The current reporting mess
Here’s the thing: right now, the IRS has almost no automatic visibility into foreign crypto accounts. The existing FBAR system still defines “financial accounts” as traditional bank and securities accounts – pure crypto holdings on foreign platforms arguably don’t count. And while Form 8938 under FATCA covers foreign financial assets, there’s no clear guidance about whether crypto qualifies. Basically, we’re in this weird gray area where tax professionals are advising clients to report foreign crypto anyway, but the rules haven’t officially caught up with the technology.
What CARF actually changes
CARF is basically the crypto version of the Common Reporting Standard that’s been exchanging bank data between countries for years. Under the OECD framework, Reporting Crypto-Asset Service Providers (RCASPs) would need to identify US taxpayers and send the IRS everything from transaction details to year-end balances. The big question mark? DeFi. There’s been speculation about exemptions for non-custodial protocols, but without the actual regulations being public, nobody really knows how Treasury will handle truly decentralized systems.

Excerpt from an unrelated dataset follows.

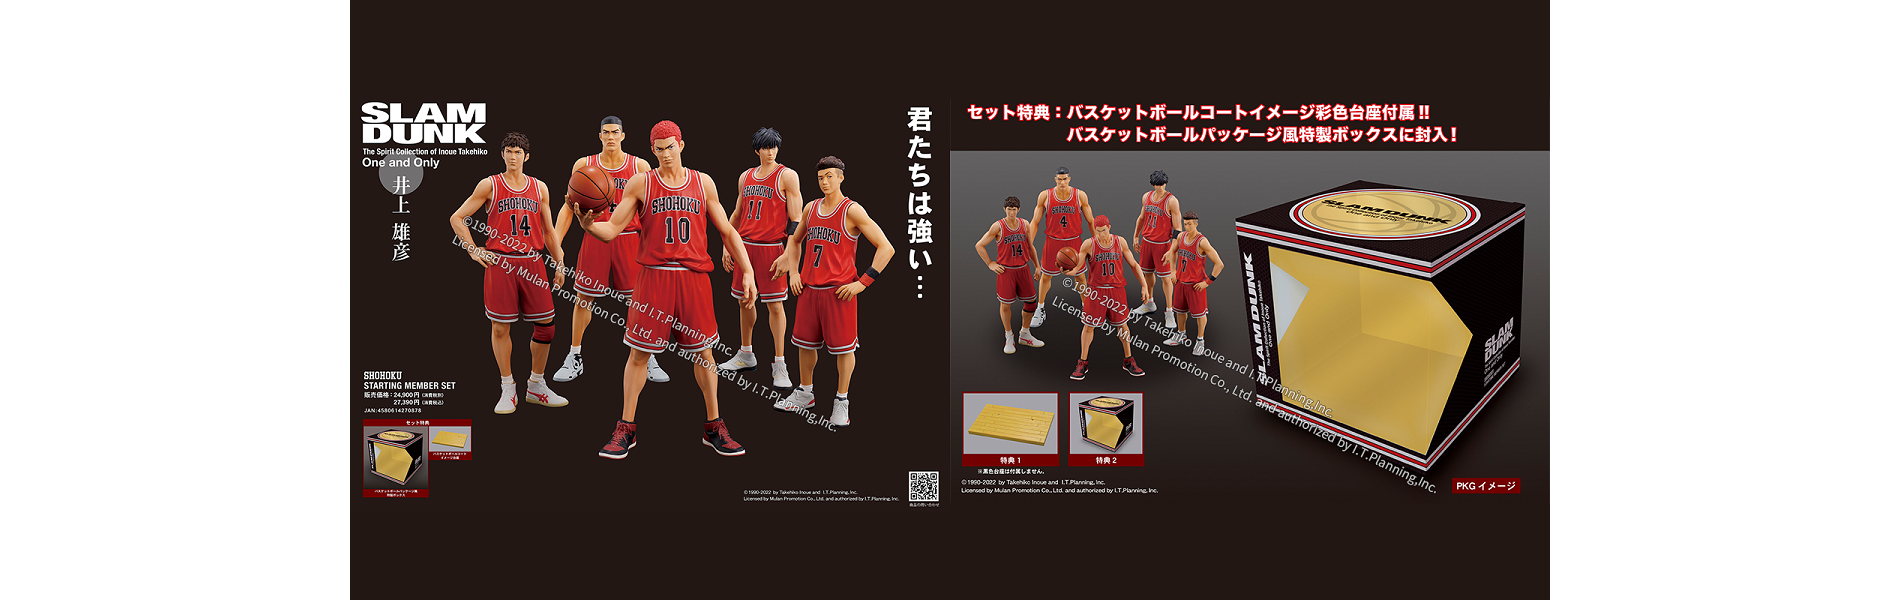 The Spirit Collection of Inoue Takehiko One and Only『SLAM DUNK』

Why this matters right now
Look at the Roger Ver case – the so-called “Bitcoin Jesus” just paid $50 million in back taxes and penalties after being indicted for failing to report $240 million in Bitcoin held through foreign entities. His case shows how quickly unreported offshore crypto can escalate from paperwork errors to criminal exposure. And once CARF data starts flowing automatically, mismatches will be detected instantly. Civil FBAR penalties alone can reach 50% of the highest account balance per year. So if you’re holding crypto offshore, now’s the time to get your reporting in order before the automated systems start flagging everything.